In this July 6, 2017 photo, the Yoho River flows through Yoho National Park, which is contiguous with Kootenay National Park in Canada's stretch of the Rocky Mountains.
Members of Quebec’s provincial police force stop motorists at a checkpoint near the Ontario border in Riviere Beaudette, Que., west of Montreal, Sunday, March 29, 2020, as Coronavirus COVID-19 cases rise in Canada and around the world.
Regional authorities in southeastern B.C. are calling on the provincial health officer to tighten inter-provincial traffic, over fears that the travellers could spur a wave of COVID-19 in local communities.
The board chair for the Regional District of East Kootenay has asked authorities to close the provincial border, as well as the backcountry out of fears that non-locals attempting to hide out in campgrounds and vacation homes from the pandemic, could overwhelm the few community resources available to curb the virus.
“As a region, we are united in our desire to reduce the impacts of this virus on our health care system and our communities,” RDEK Board Chair Rob Gay wrote in a letter to the B.C. health officer. “While the Provincial Health Officers on both sides of the border have been clear in their messaging that people need to be staying home, that message is not being heeded. We are gravely concerned about the potential impacts on our small rural hospitals, front line workers and communities.”
The board is especially concerned that, as Easter approaches, thousands might come to region to spend the long weekend.
Gay added that the East Kootenay Regional Hospital in Cranbrook, which is the largest healthcare facility in the region, has only 11 ventilators. Many health centres in their smaller communities only have one. “There is concern emergency services, the health care system, local grocery stores and other essential service providers simply will not be equipped to handle an influx of people at this time and under these extraordinary circumstances,” reads the news release of the board’s statement.

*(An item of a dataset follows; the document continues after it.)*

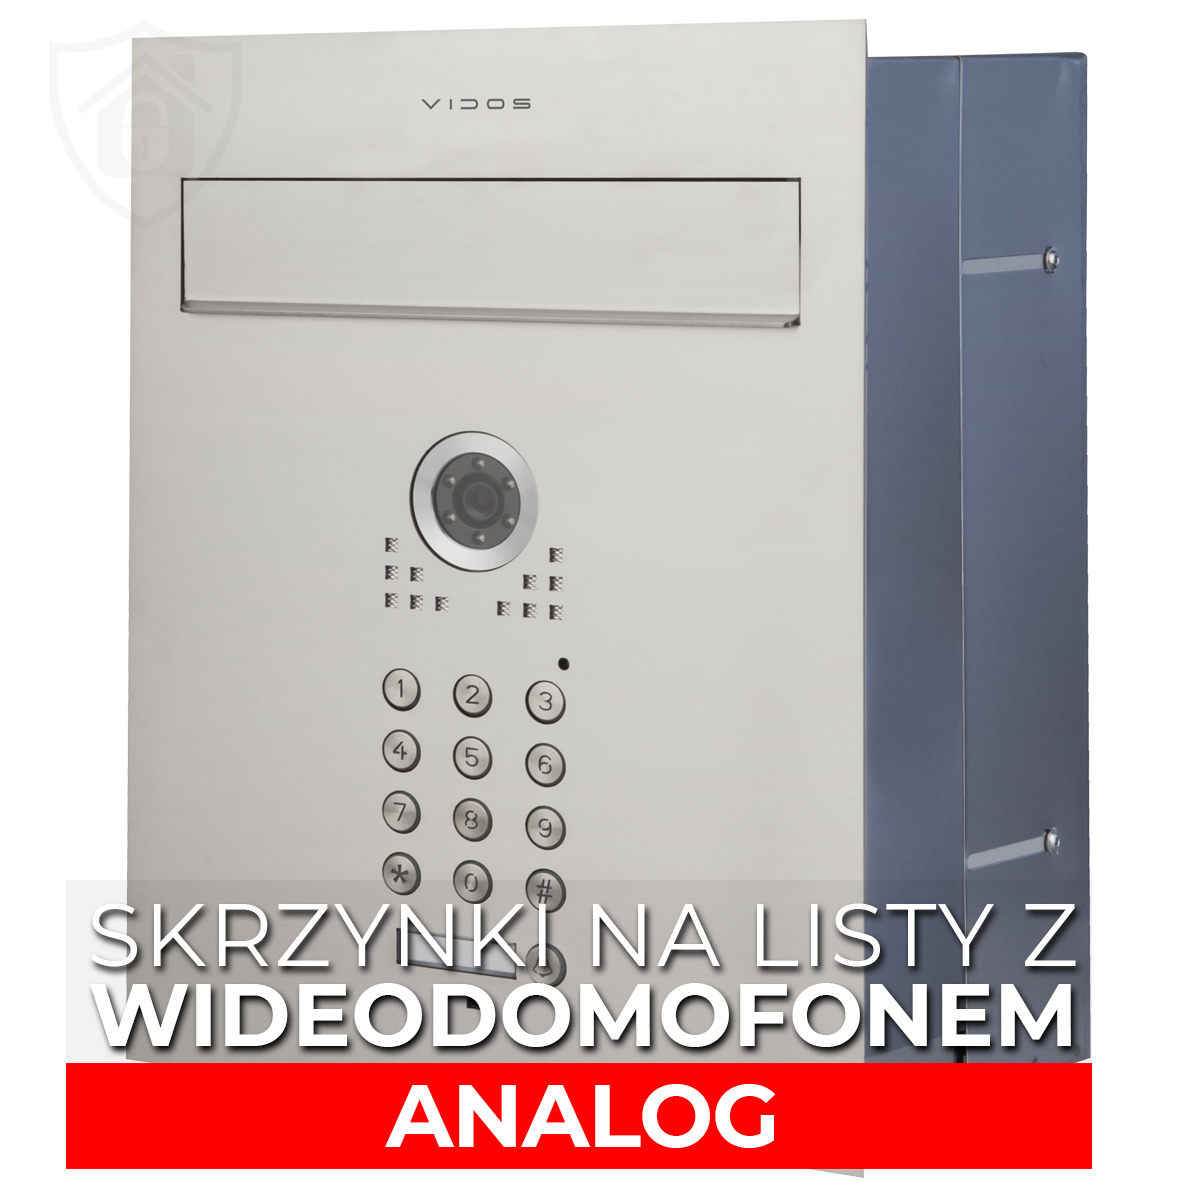 Wideodomofony ze skrzynką na listy analogowe VIDOS
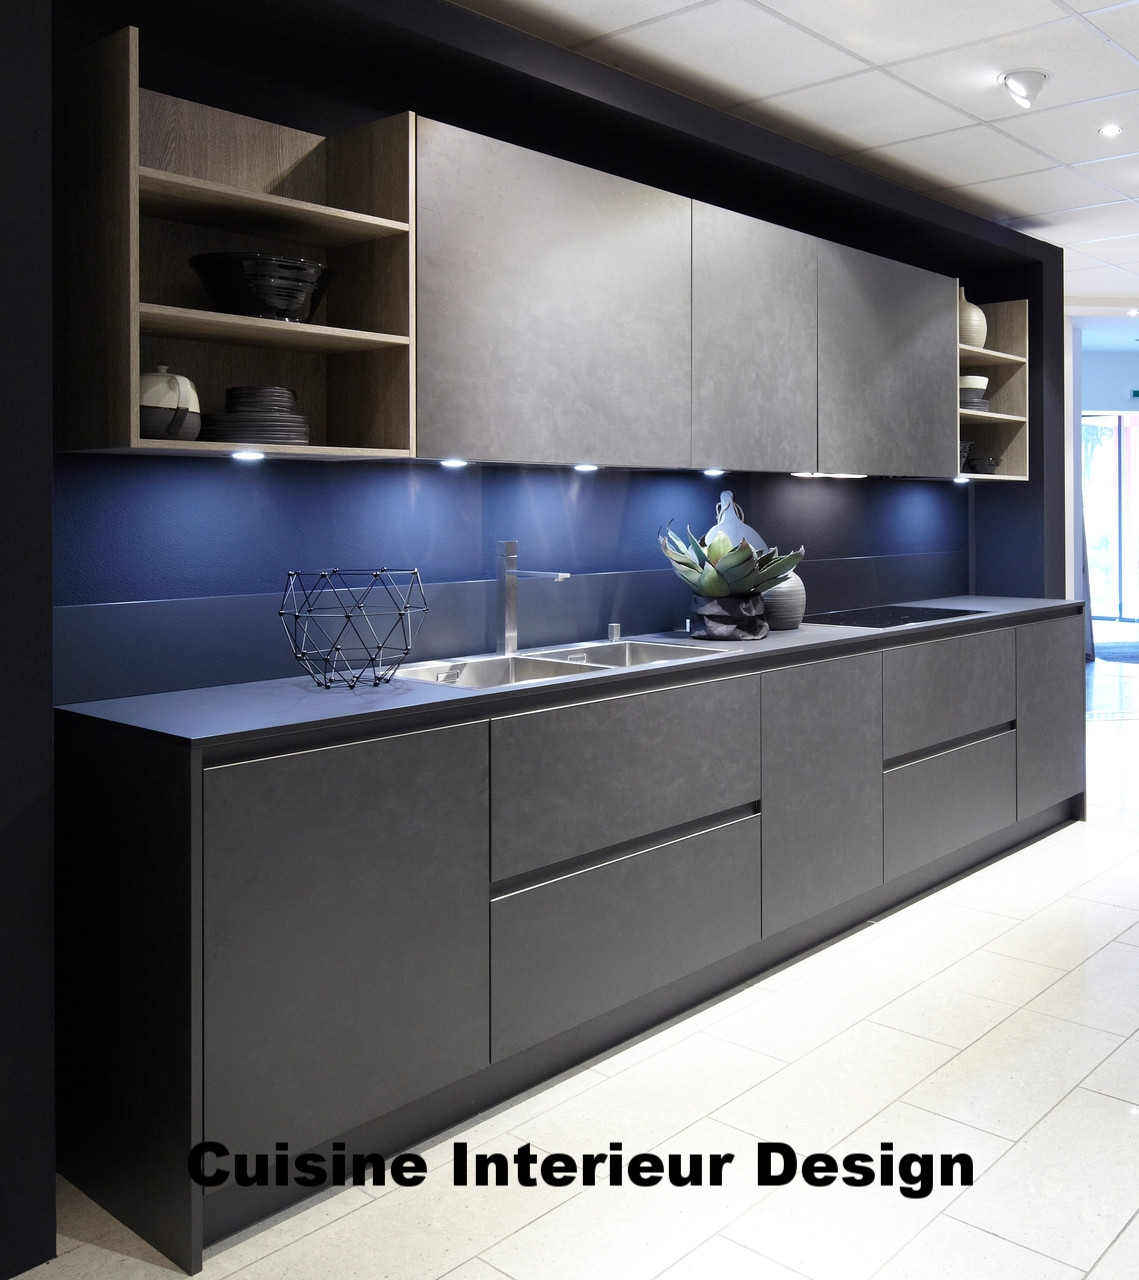 cuisine design haut de gamme meubles allemand et fran ais. Black Bedroom Furniture Sets. Home Design Ideas

The board also urges all non-resident property owners to stay in their homes and avoid travelling. Every interaction with others increases the potential for the spread of infection and this behaviour needs to stop,” stressed Gay. “We want to be very clear that this is not a province to province issue. This is also about behaviours locally within our region.”
The rise in the number of COVID-19 cases in Canada daily has led to unusual restrictions on inter-provincial travel. Last week, the Quebec government added police presence to travel between Ottawa and Gatineau and implemented checkpoints for traffic between the province and Ontario, New Brunswick, and Newfoundland Labrador.
As of Friday, Manitoba put into place checkpoints on all of its highways linking with Ontario and Sakskatchewan. Nova Scotia followed closely behind, implementing its own checkpoints to restrict traffic.